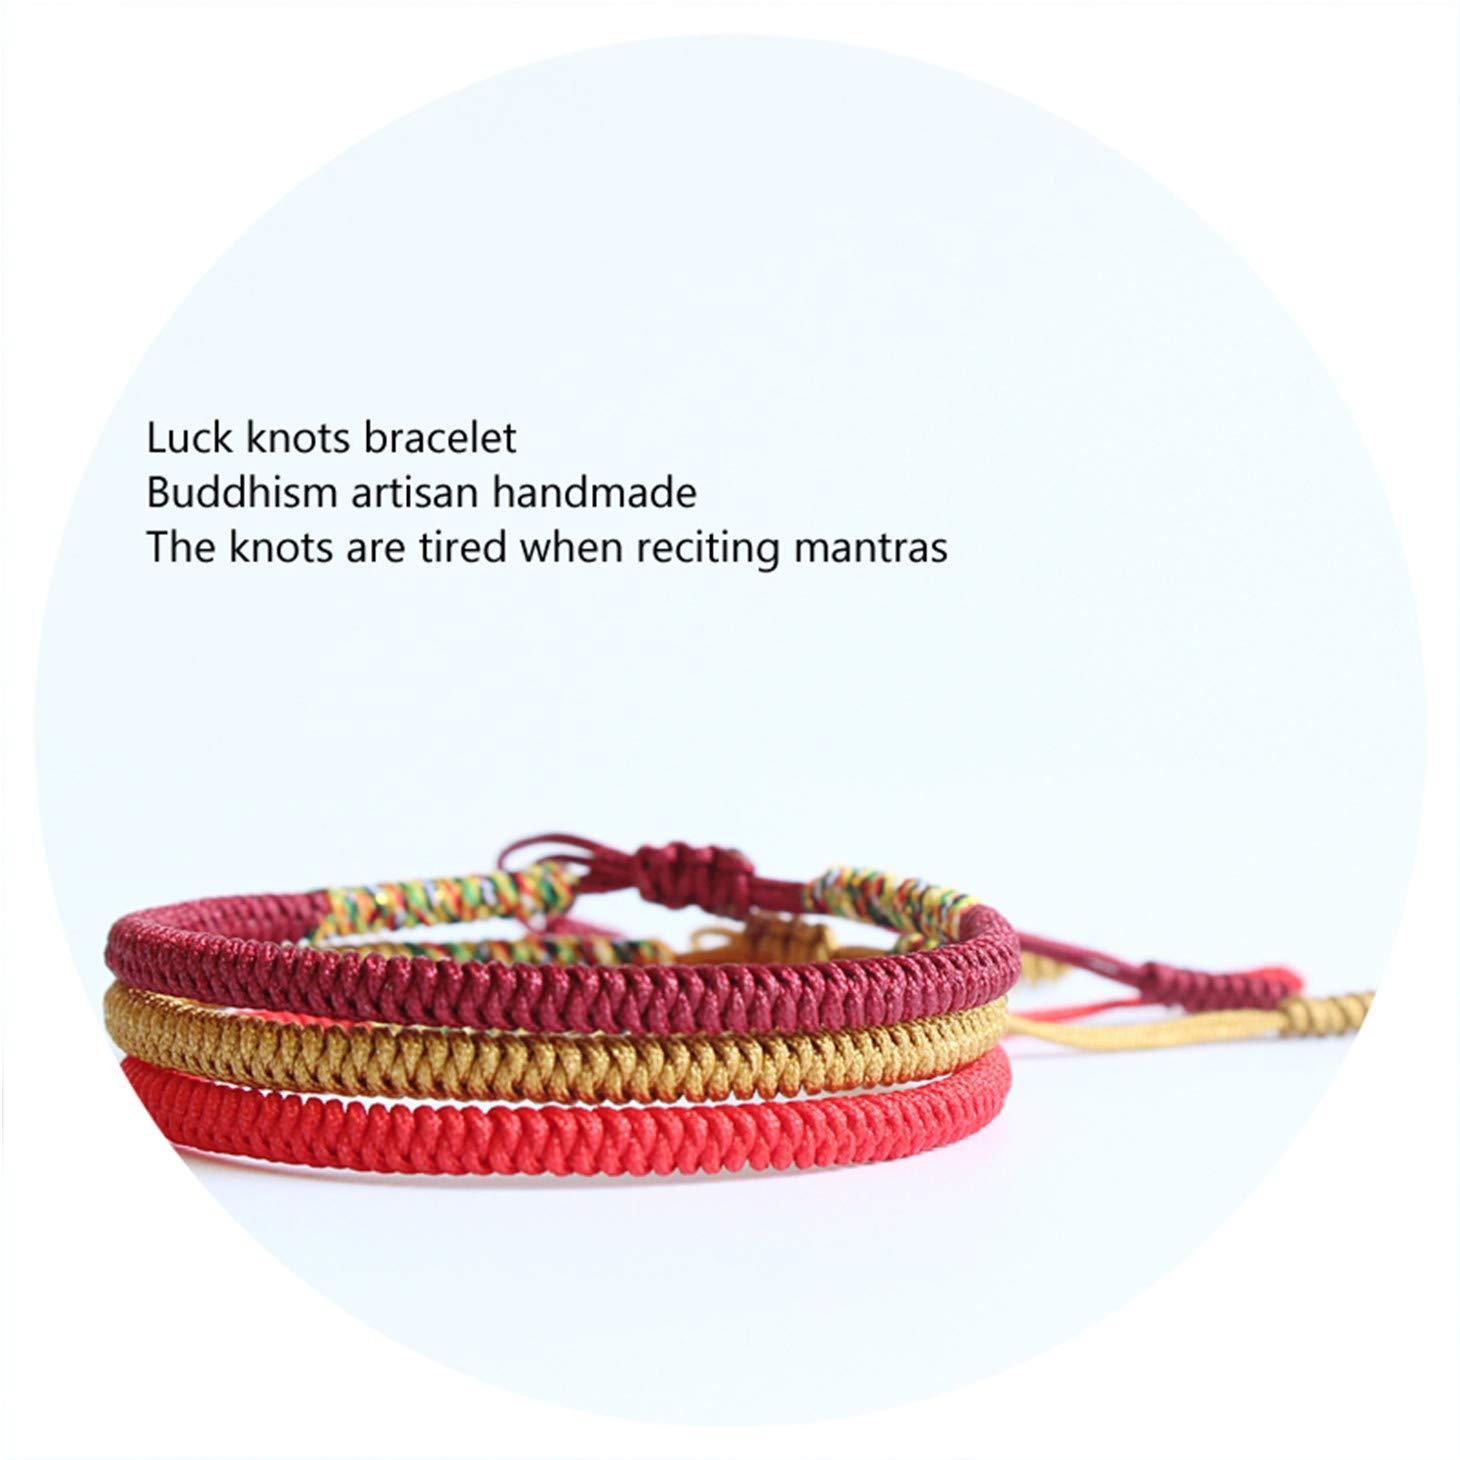 Olive Tayl 3PCS Multi Color Tibetan Buddhist Good Lucky Charm Tibetan Bracelets & Bangles for Women Men Handma by Olive Tayl (Image #3)
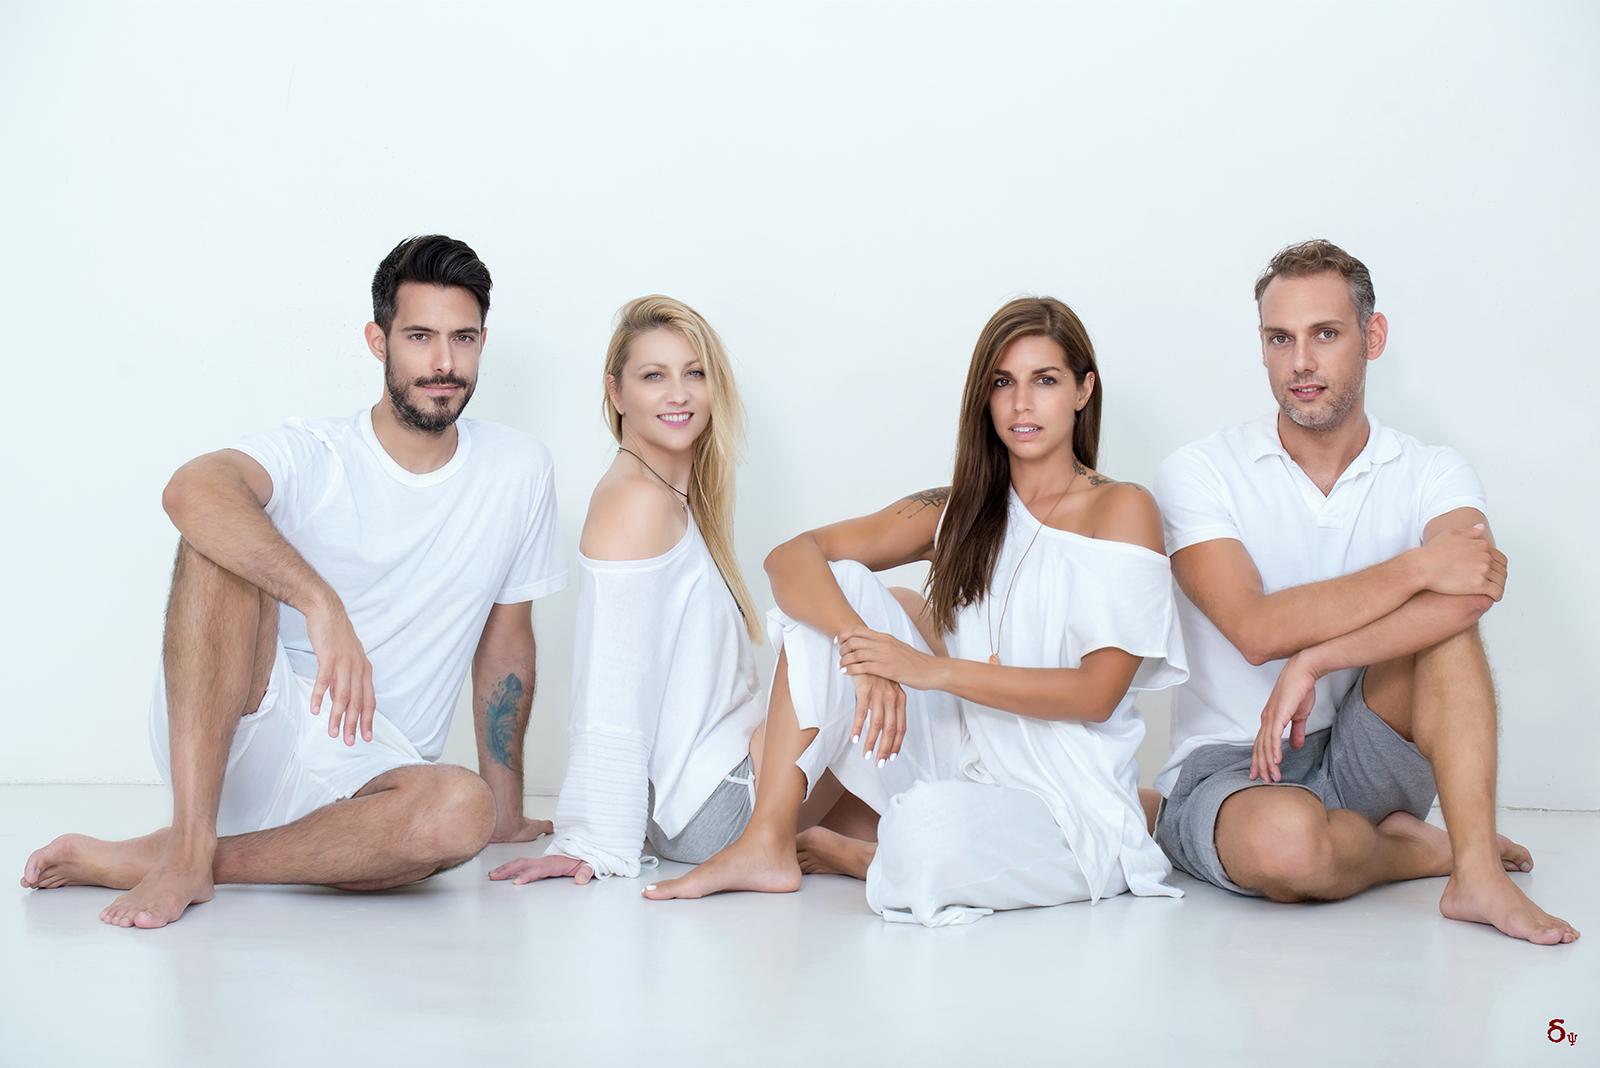 enosis yoga business portrait yoga photographer maganari , niko geo, george fragoulis, christina sampani
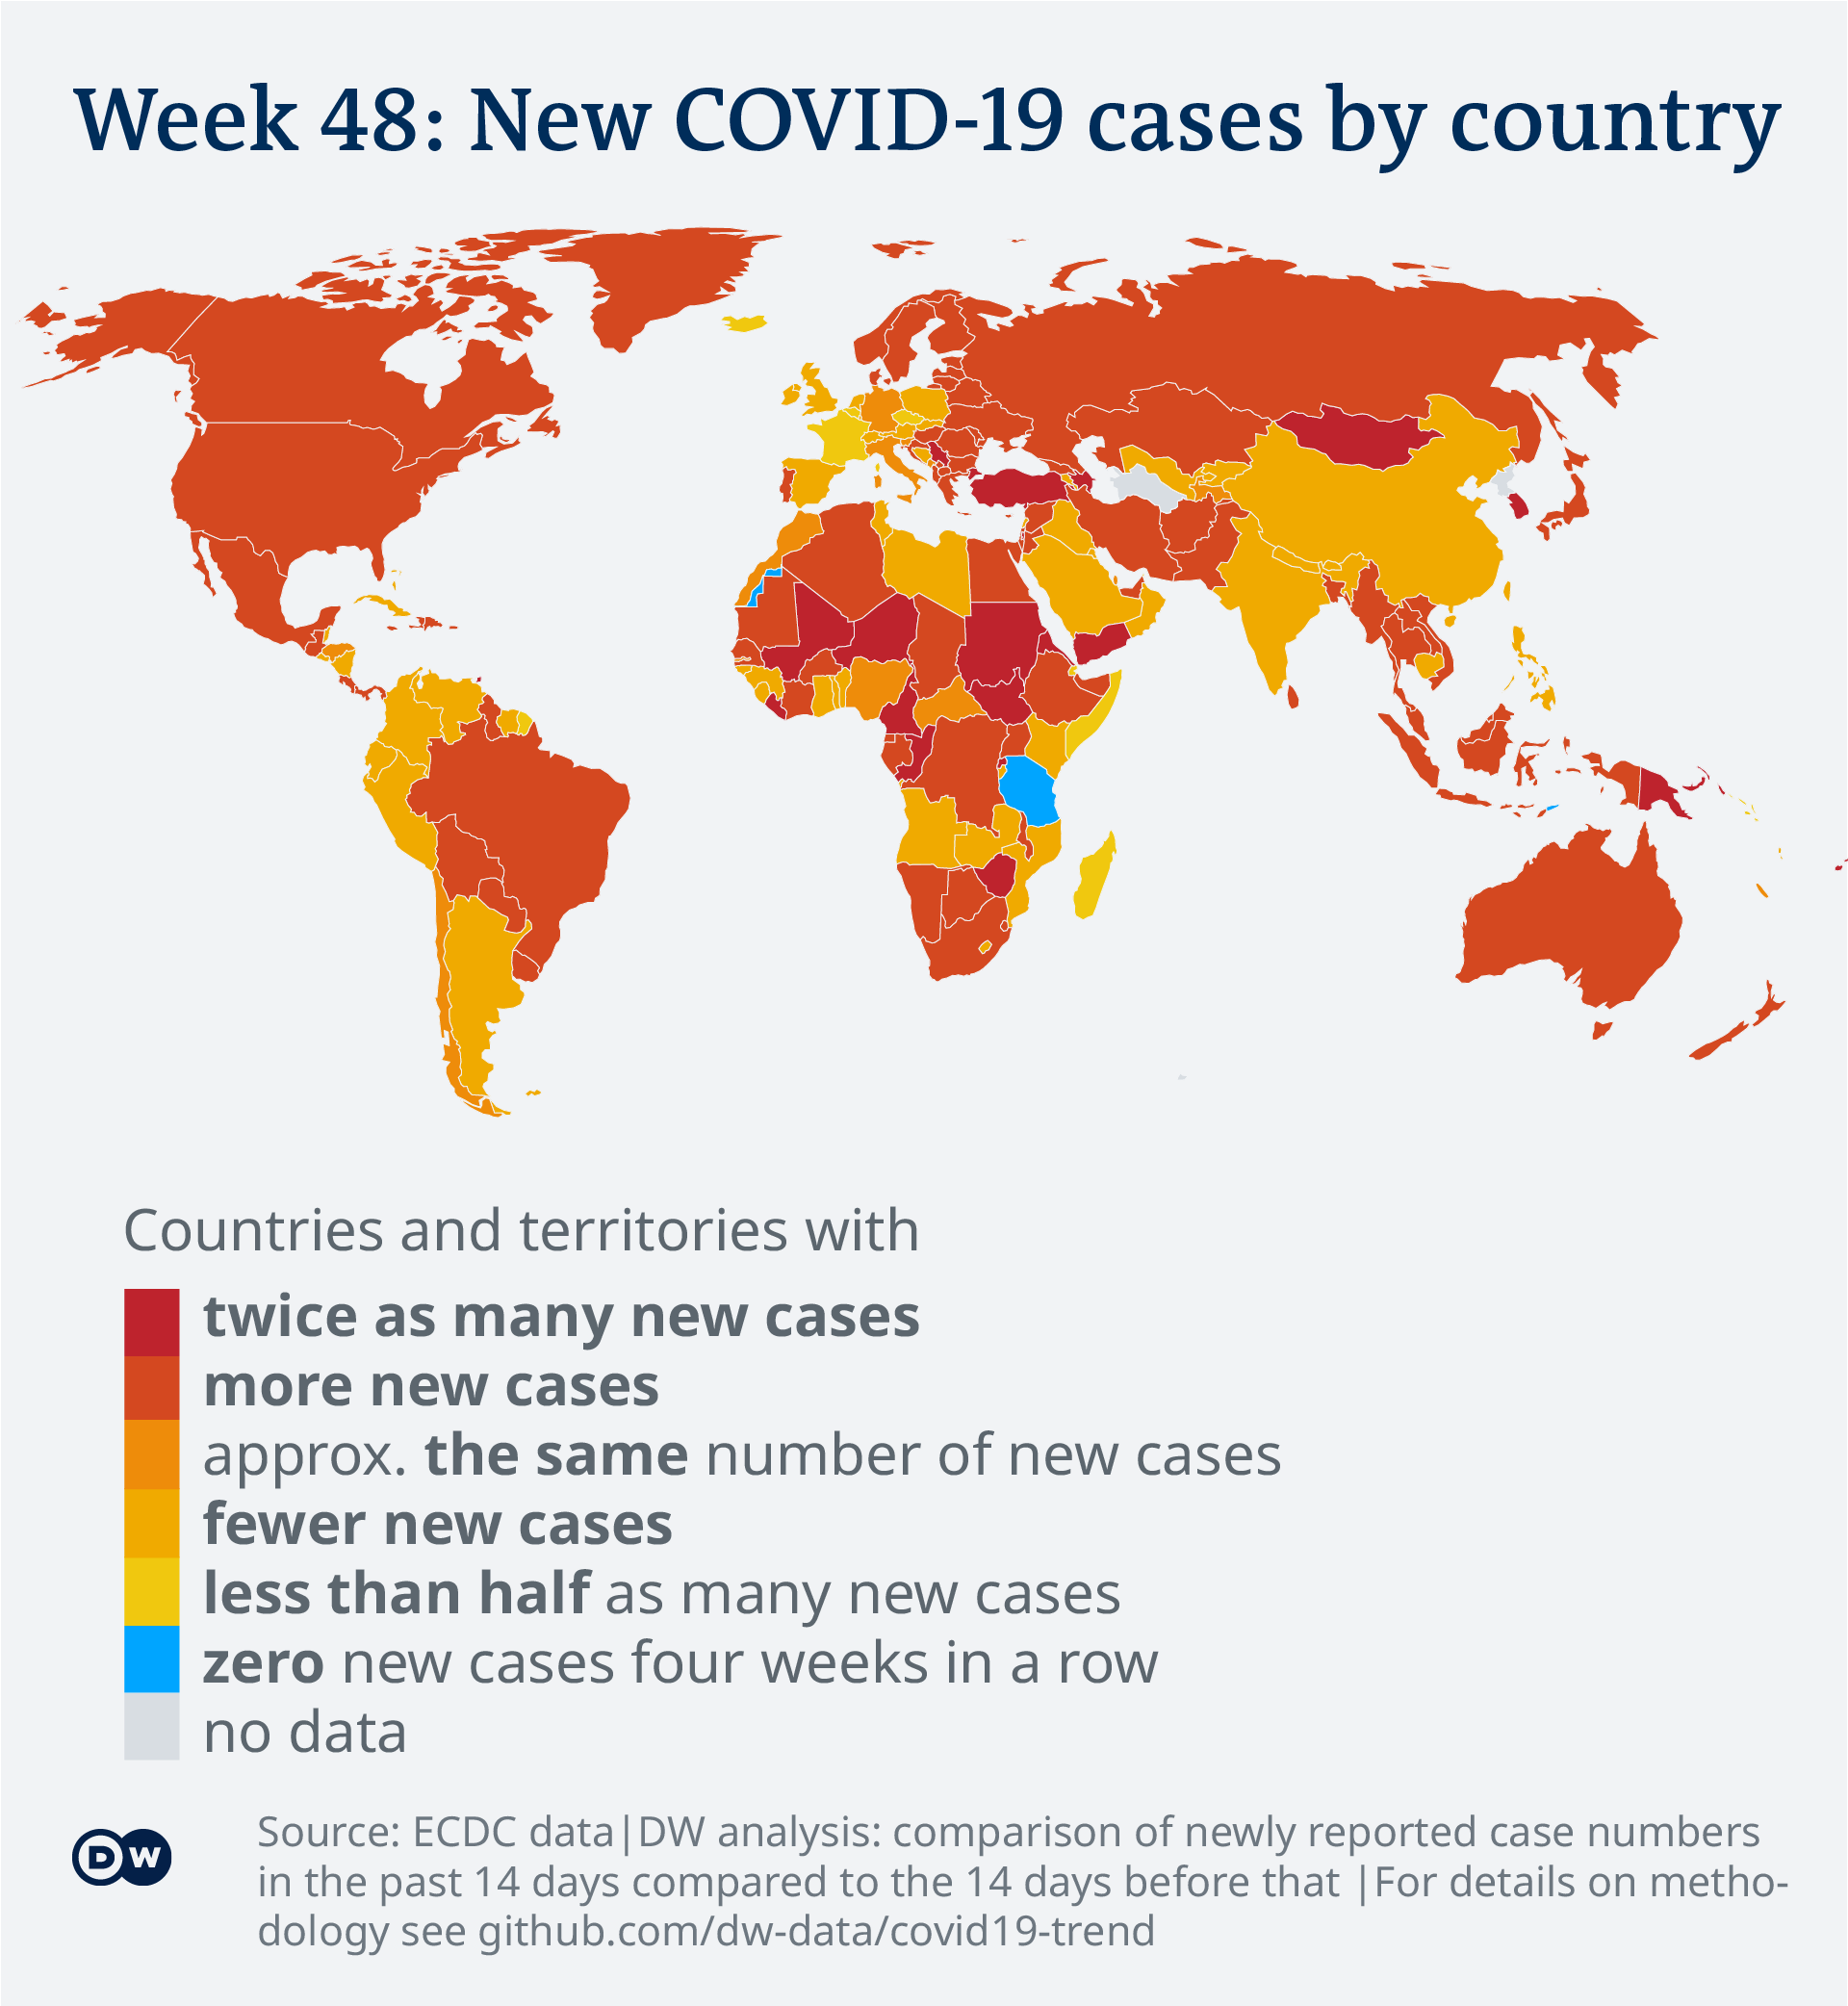 Data visualization: COVID-19 global new case numbers trend - map calendar week 48

**YOUR TASK:**
Leaving every picture out, output the data exactly as it stands.

**ANSWER BOX:**
 Olive Tayl 3PCS Multi Color Tibetan Buddhist Good Lucky Charm Tibetan Bracelets & Bangles for Women Men Handma by Olive Tayl (Image #3)
 enosis yoga business portrait yoga photographer maganari , niko geo, george fragoulis, christina sampani
 Data visualization: COVID-19 global new case numbers trend - map calendar week 48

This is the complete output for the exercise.